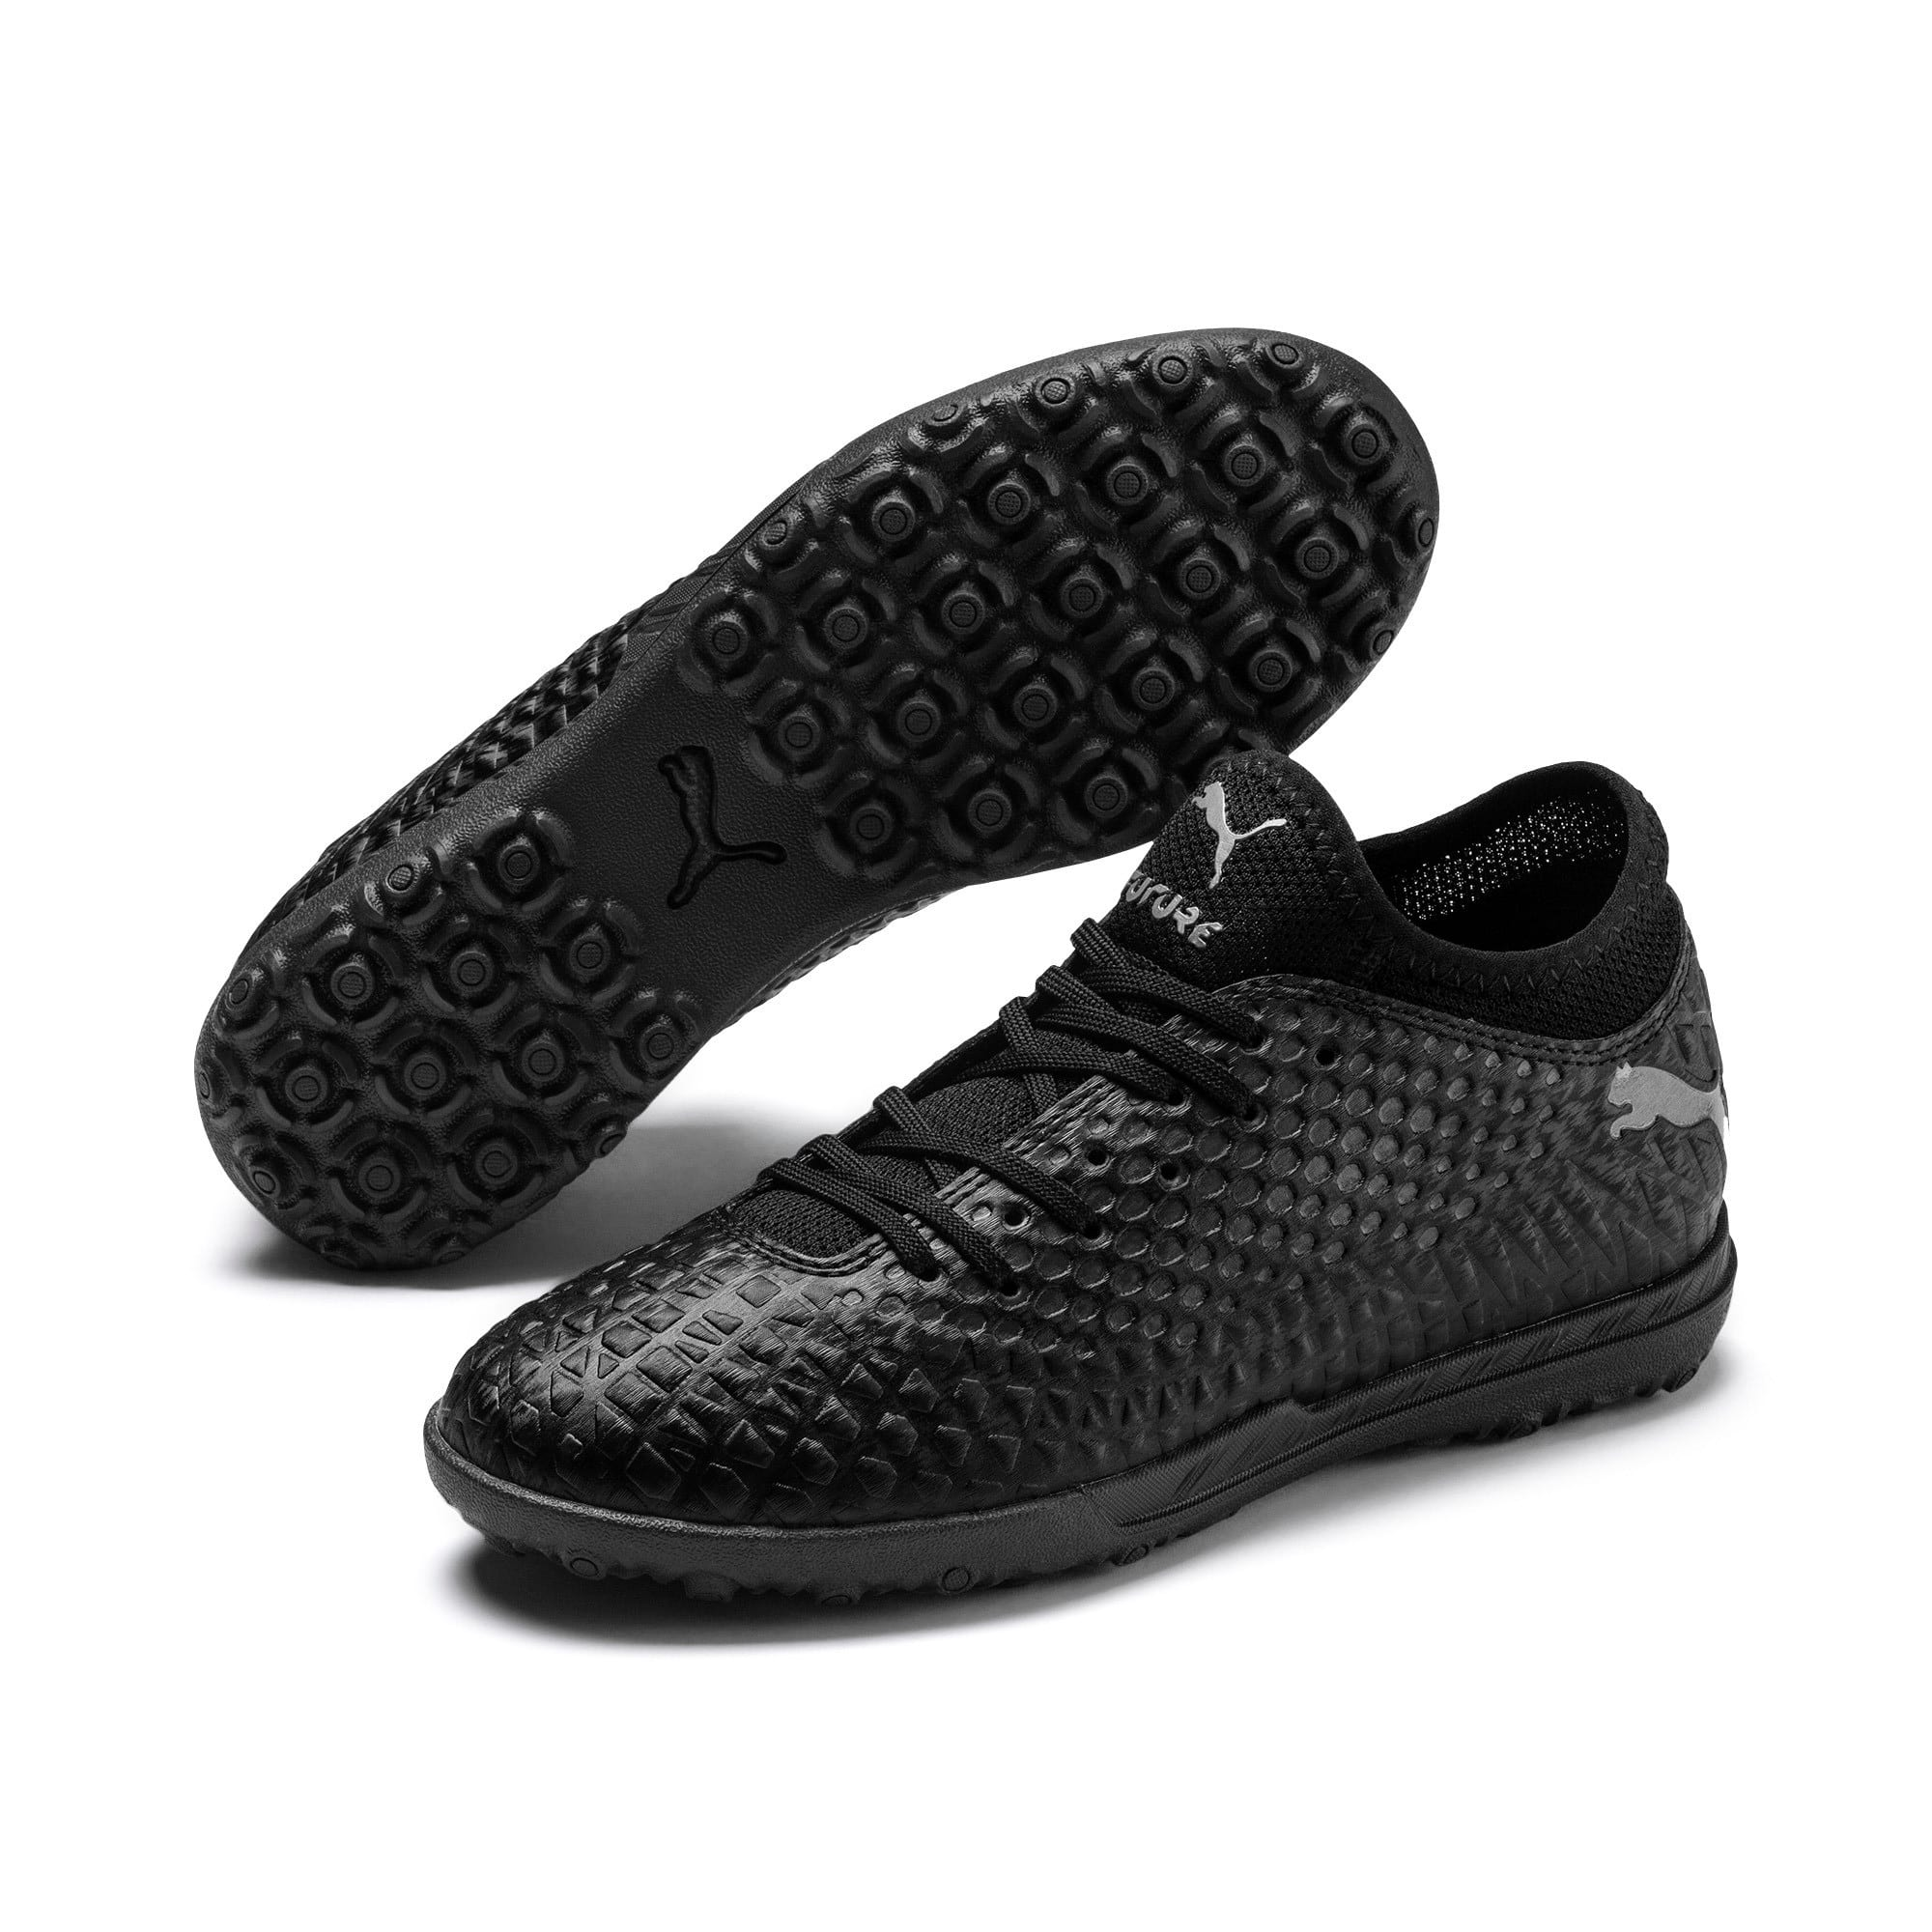 Imagen en miniatura 2 de Botas de fútbol de juvenil FUTURE 4.4 TT, Black-Black-Puma Aged Silver, mediana
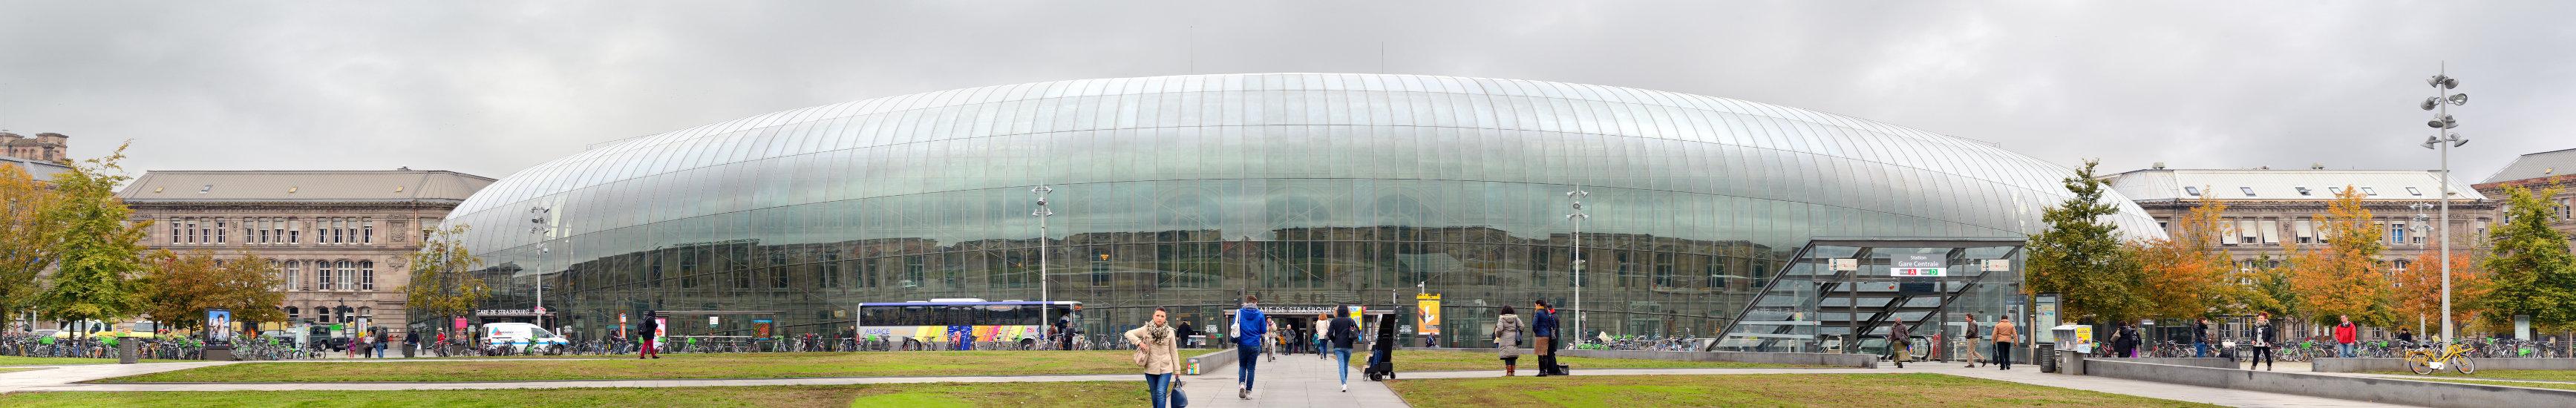 Straßburg Hauptbahnhof | Glasfassade
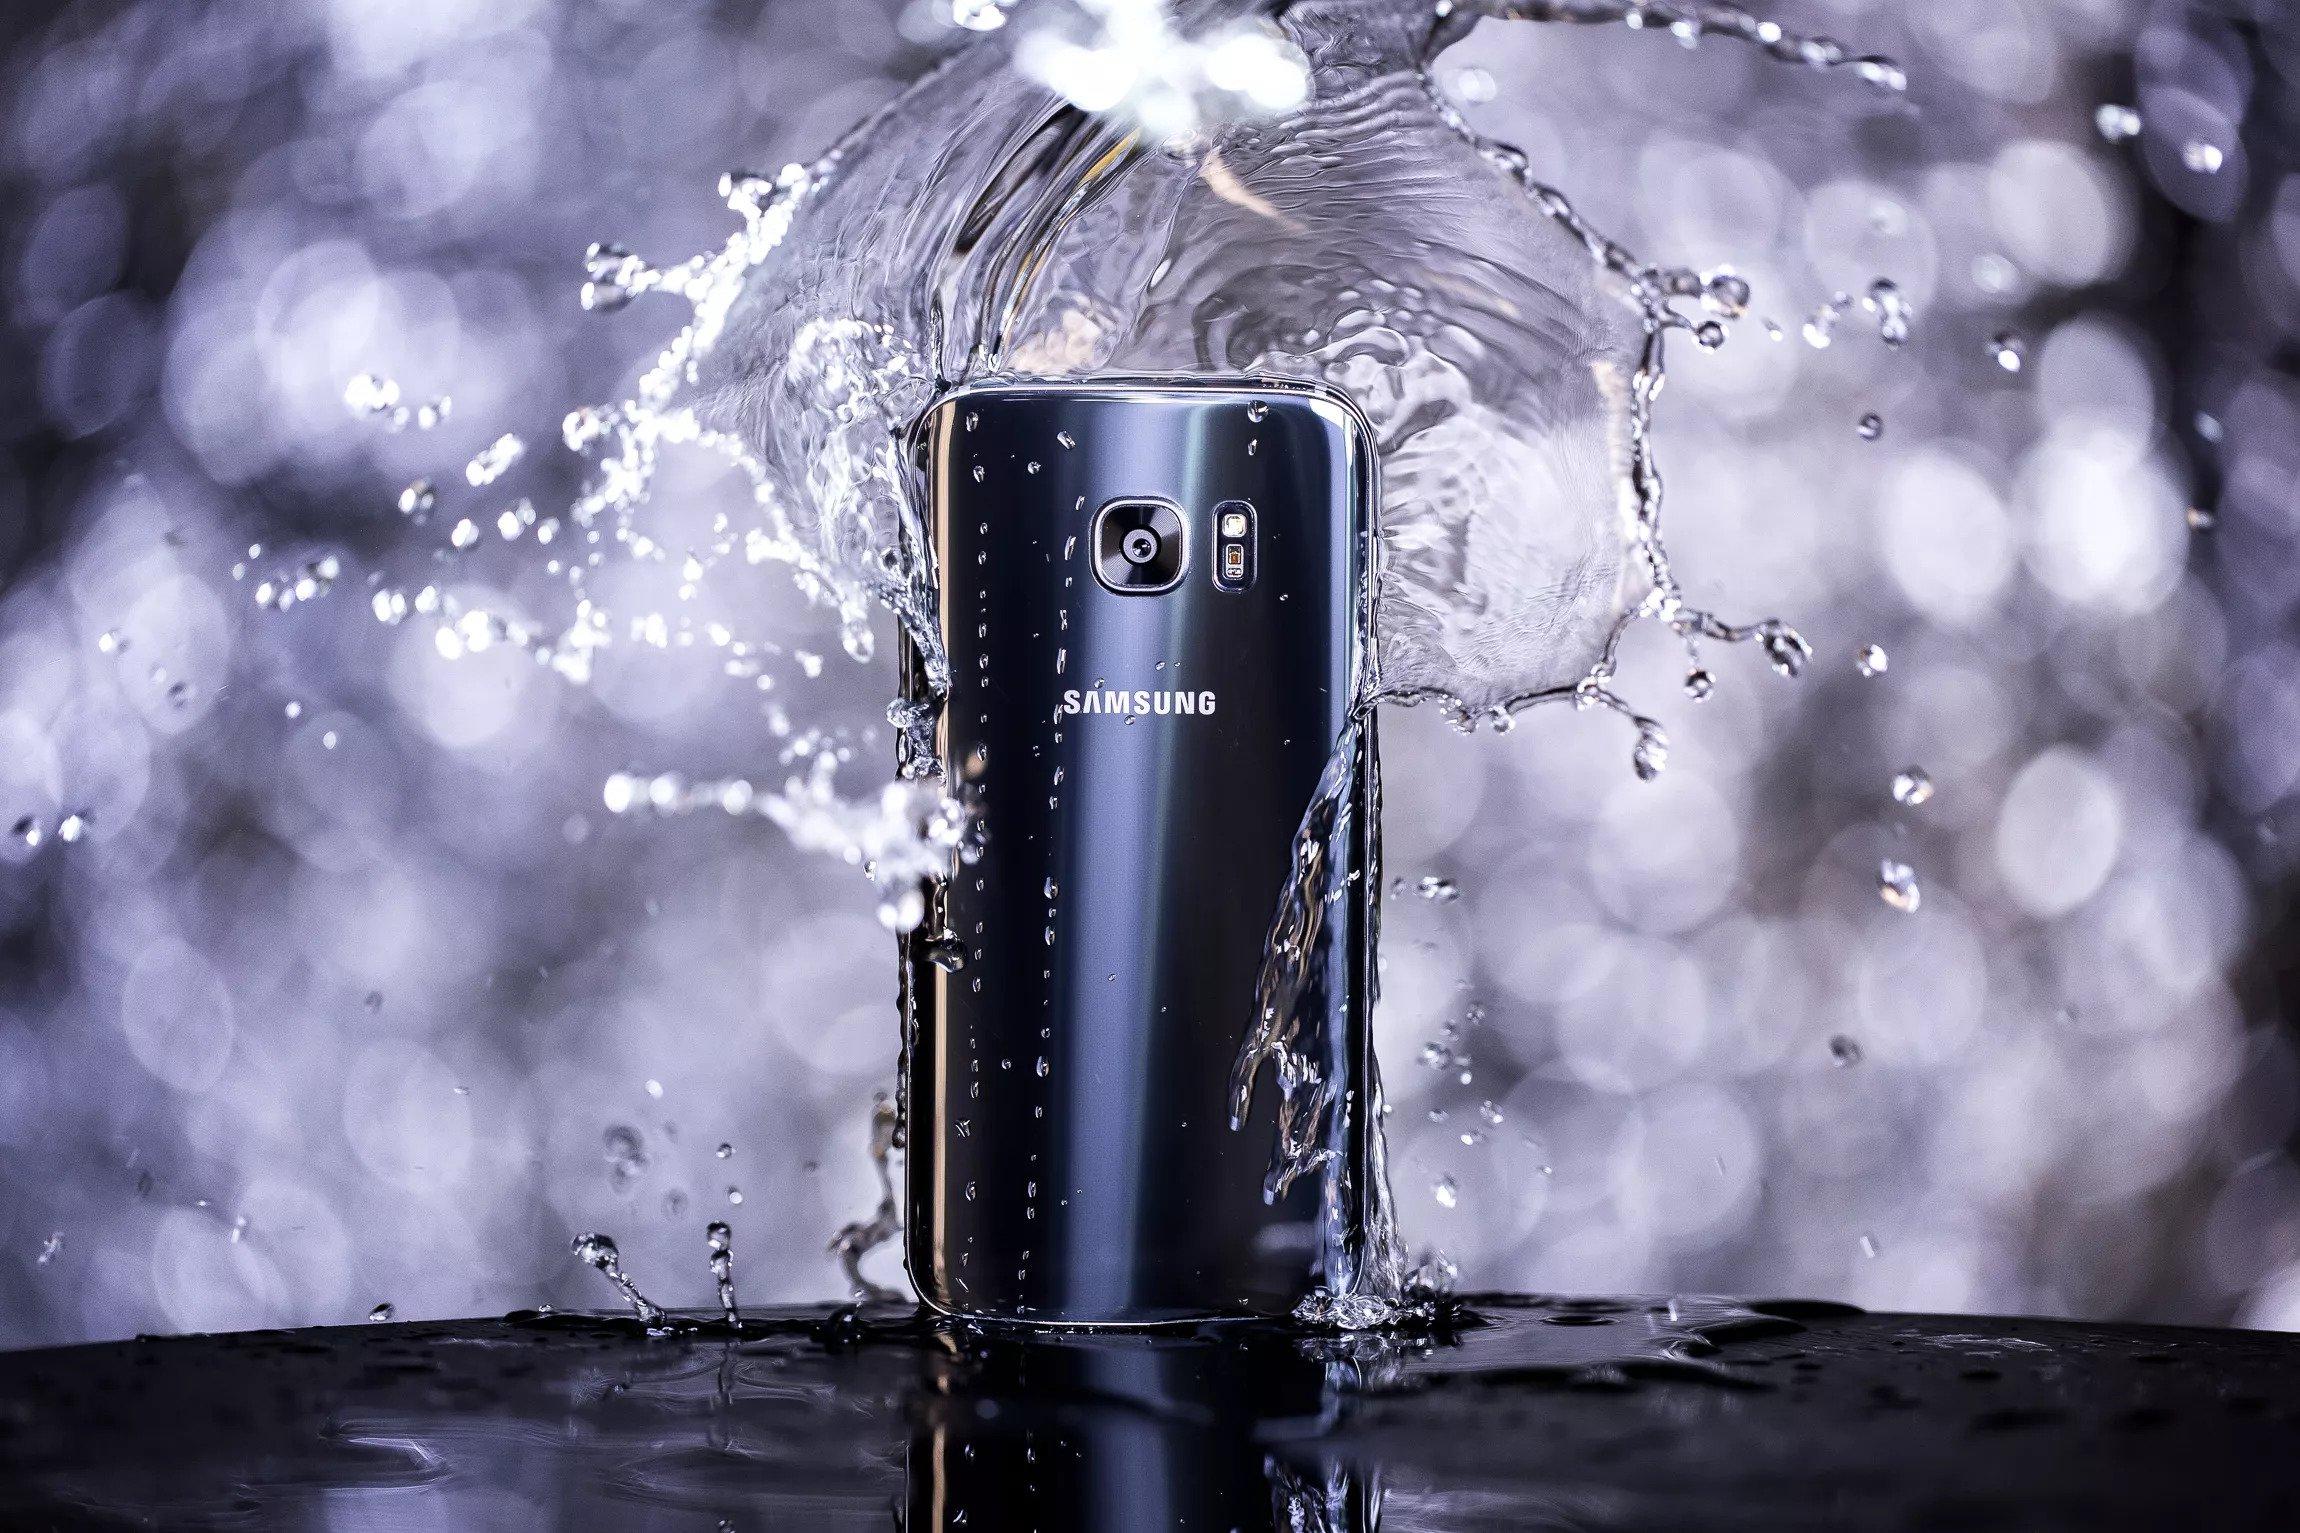 Background image for Samsung Rewards, the loyalty program of Samsung.

__Task__
Apart from the images, every line above is to be given again exactly.

__Completed exercise__
 Imagen en miniatura 2 de Botas de fútbol de juvenil FUTURE 4.4 TT, Black-Black-Puma Aged Silver, mediana
 Straßburg Hauptbahnhof | Glasfassade
 Background image for Samsung Rewards, the loyalty program of Samsung.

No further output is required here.